[jboss-as7-dev] Switch to use TransactionSynchronizationRegistry.registerInterposedSynchronization?

Scott Marlow smarlow at redhat.com
Tue Jun 7 10:59:03 EDT 2011


On 06/02/2011 09:23 AM, Jonathan Halliday wrote:
>
> On 06/02/2011 01:41 PM, Scott Marlow wrote:
>
>> My understanding of "Too late in the game", would be attempting to
>> register the sync after commit has been called to start ending the
>> transaction.
>
> That's not quite right and indeed the trouble we're seeing stems from
> Synchronizations that (indirectly) register other Synchronizations from
> within beforeCompletion i.e. at a point in time after commit() is called
> by the app or container and the transaction manager has thus begun tx
> termination processing, of which beforeCompletion calls are one of the
> early parts.
>
> Since the tx is technically still active during beforeCompletion, it is
> legitimate for beforeCompletions to call registerSynchronization or
> registerInterposedSynchronization. Prior to the introduction of the
> latter method in JTA 1.1 that was the end of the story - newly
> registered Syncs just got tacked onto the end of the pending list and
> the beforeCompletion phase continued to run until no new ones were
> registered. Registration order determined call order, although that's
> not a JTA requirement, just an impl detail.
>
> With JTA 1.1 there is now a spec defined partial order for
> Synchronizations which differs from registration order, so in some cases
> we can't simply tack newly registered ones onto the list - we're passed
> the point at which we would call them and so we reject the registration.
>
> A beforeCompletion can only register a Sync only if it would be ordered
> after the one that's currently executing. Technically this is true even
> within Sync types, but it only manifests as a problem between types
> (interposed/non-interposed) as we take care of the ordering between
> instances of the same type internally in the tx code - you can't
> override that bit through the JTA api.


I'm trying to understand what the registerInterposedSynchronization 
"special ordering semantics" means.  I understand it at least means, 
that registerInterposedSynchronization syncs run after 
registerSynchronization syncs.  Does it also mean that the 
registerInterposedSynchronization syncs are (creation) ordered as well?

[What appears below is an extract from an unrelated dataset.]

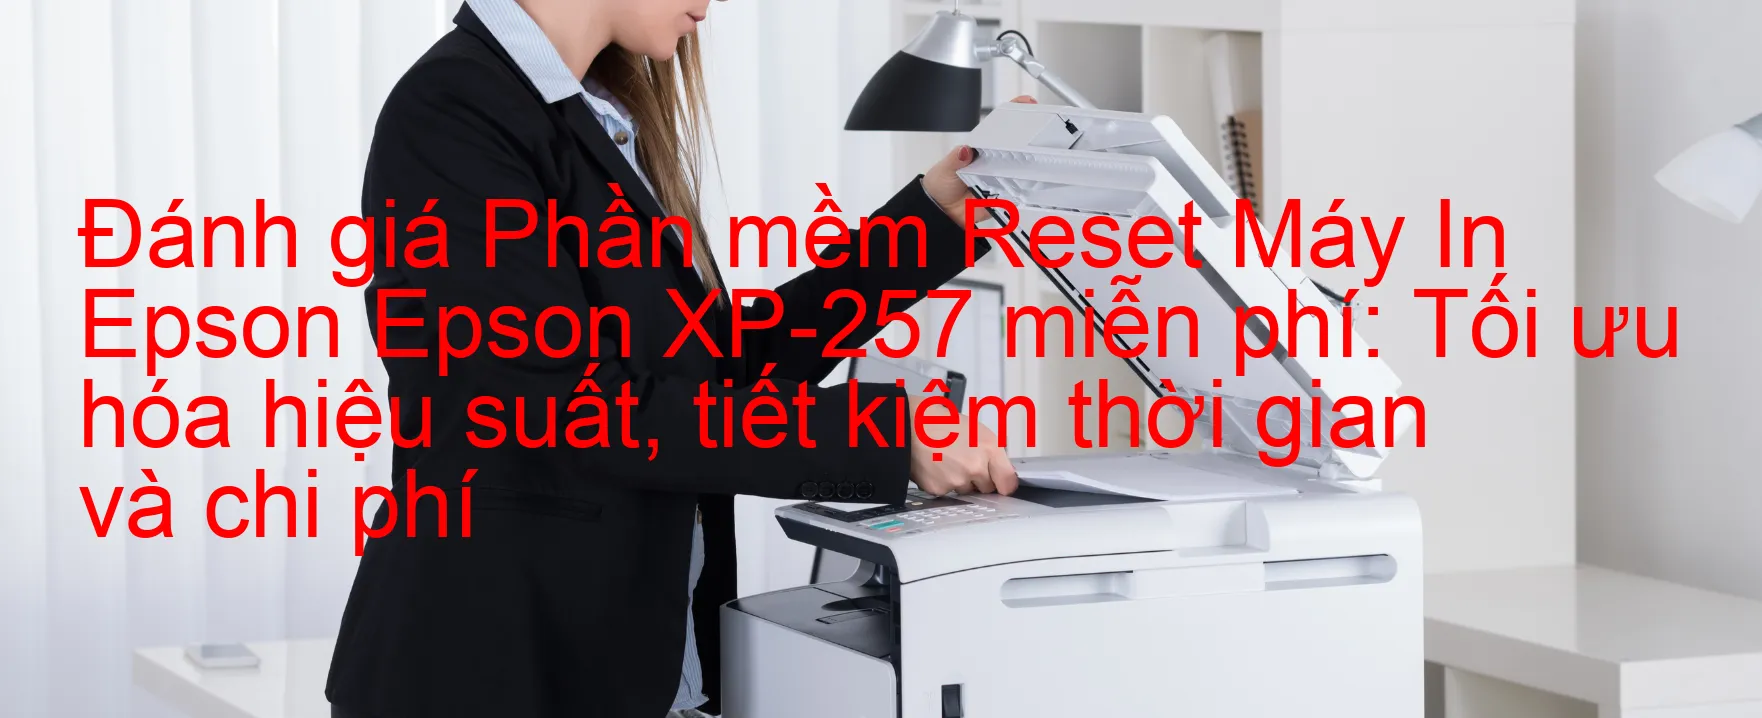 Đánh Giá phần mềm Reset Epson XP-257 Miễn Phí

Internally, do we currently use a (creation) ordered list for the 
registerInterposedSynchronization?  I'm not asking to change the 
contract, just trying to understand more.

>
> So, the rule for activity in beforeCompletion is:
>
> - a Sync registered via registerSynchronization may call either
> registerSynchronization or registerInterposedSynchronization.
>
> - a Sync registered via registerInterposedSynchronization may call only
> registerInterposedSynchronization.
>
> Thus hibernate (interposed) can't call the JCA (non-interposed) to get a
> db connection. But it could call registerInterposedSynchronization,
> which is basically why there is now a more to convert everything that it
> may call to use interposed syncs. That escalation may not necessarily be
> the best long term move, as it leaves you with a problem if you wind up
> needing a yet tighter defined ordering equivalent to
> registerInterposedInterposed...
>
> Jonathan.
>
>>
>> Note from Jonathan Halliday about the same:
>> "
>> per the JTA spec, interposed Synchronizations must be called after
>> non-interposed ones. Since hibernate is using interposed
>> Synchronizations, the tx has already passed the point at which it can
>> call non-interposed Synchronizations. Therefore it does not allow them
>> to be registered, on the basis that there needs to be some way to spot
>> that they are not going to get called, otherwise you'd spend hours
>> scratching your head and wondering why the Synchronization was not
>> getting invoked. There is a corner case where you don't give a toss
>> about beforeCompletion and want the Synchronization only for
>> afterCompletion, but there is no way in the API to indicate that so we
>> play it safe and disallow uniformly.